*SUPPLIED INFORMATION*:
== Segment start ==
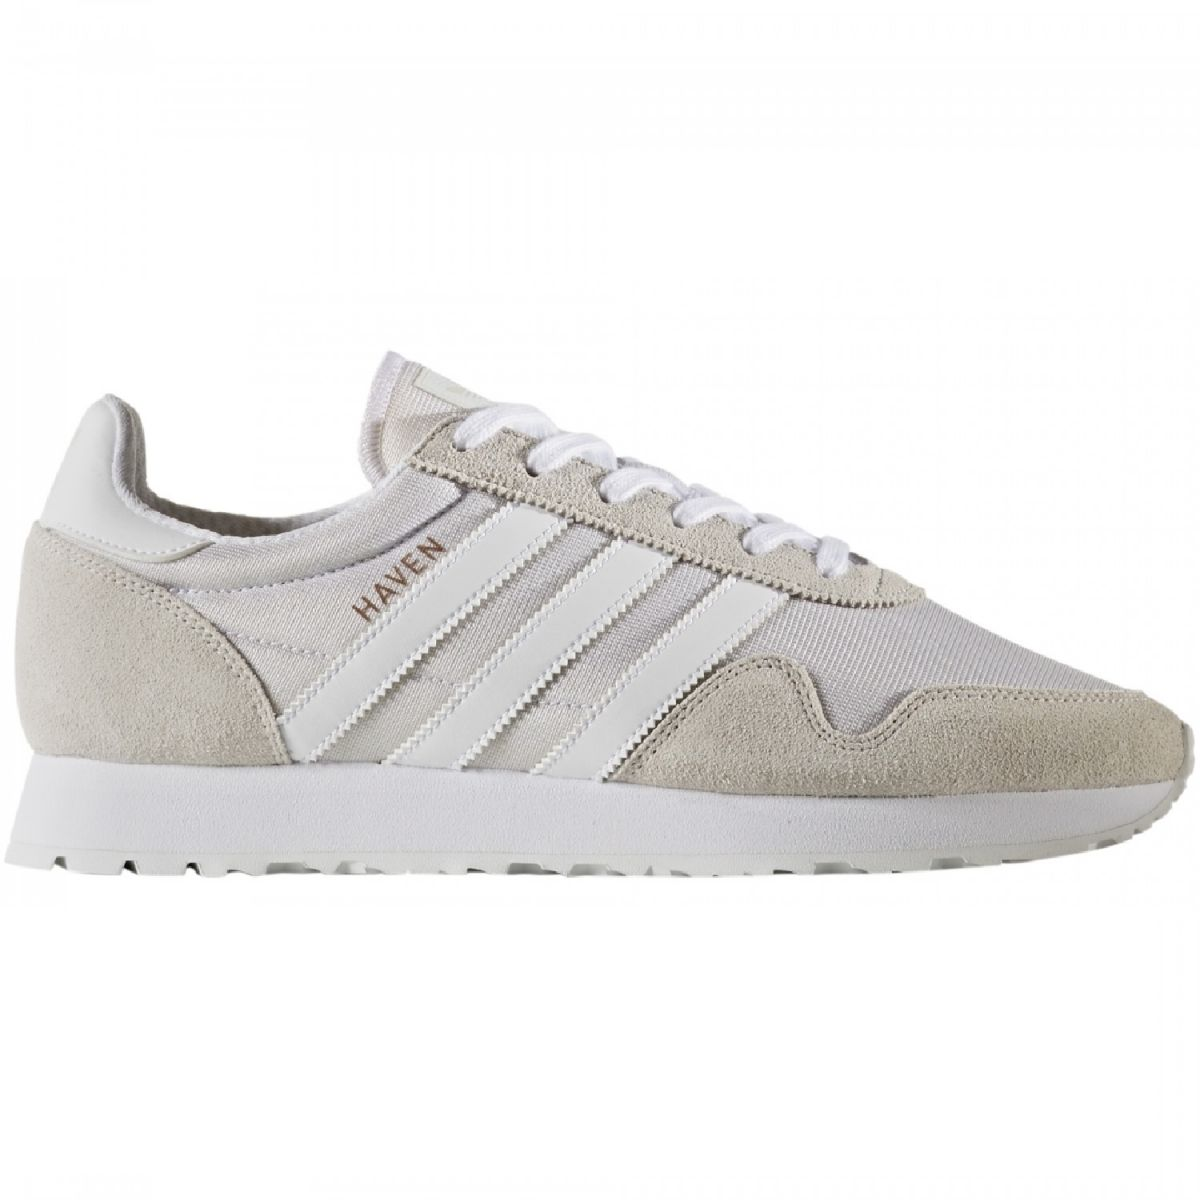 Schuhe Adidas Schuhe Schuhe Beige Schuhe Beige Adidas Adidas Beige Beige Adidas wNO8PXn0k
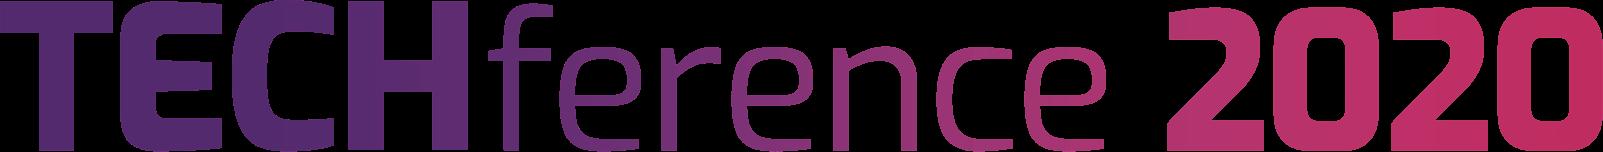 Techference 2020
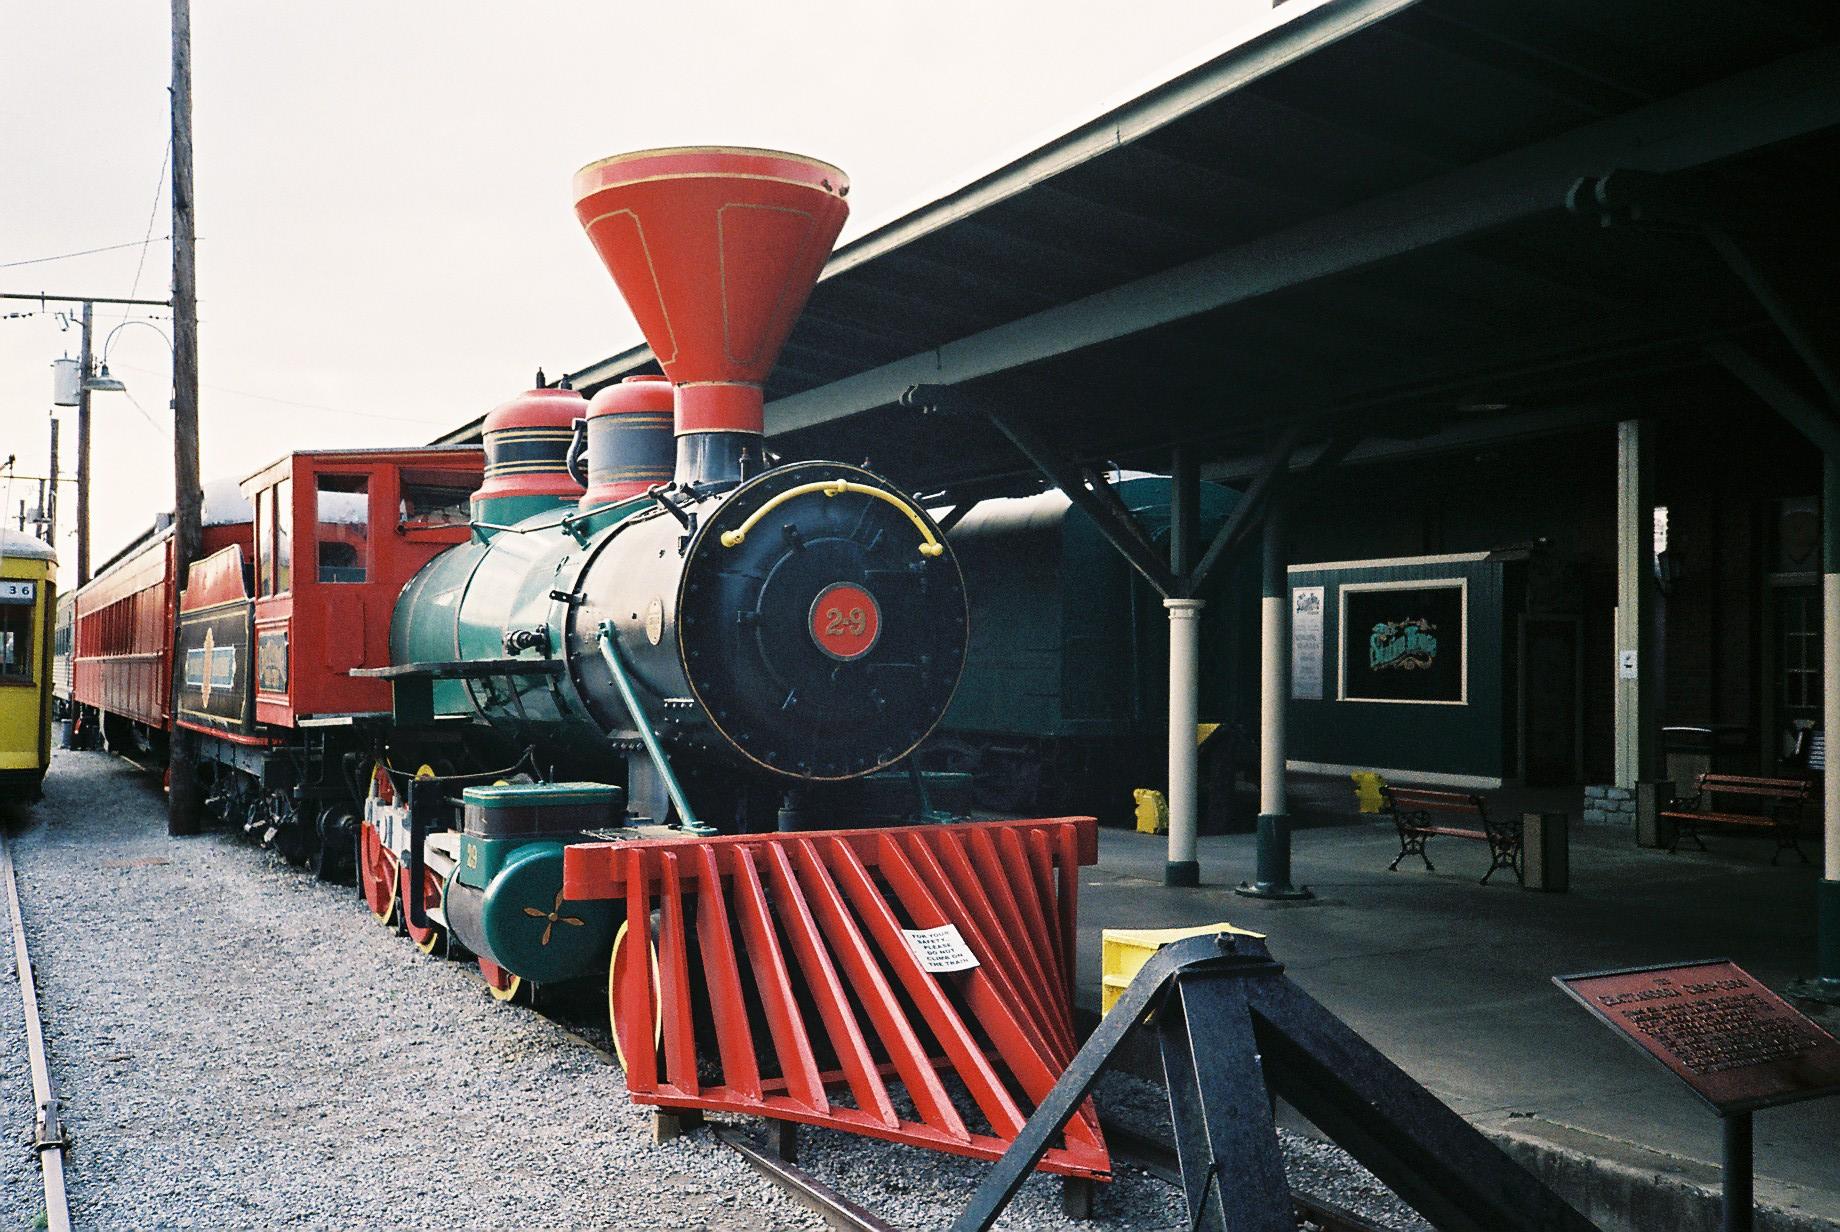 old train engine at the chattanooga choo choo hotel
== Segment end ==
*TASK INSTRUCTIONS*: Reproduce the data word for word without its images.

*REPLY*:
 Schuhe Adidas Schuhe Schuhe Beige Schuhe Beige Adidas Adidas Beige Beige Adidas wNO8PXn0k
 Techference 2020
 old train engine at the chattanooga choo choo hotel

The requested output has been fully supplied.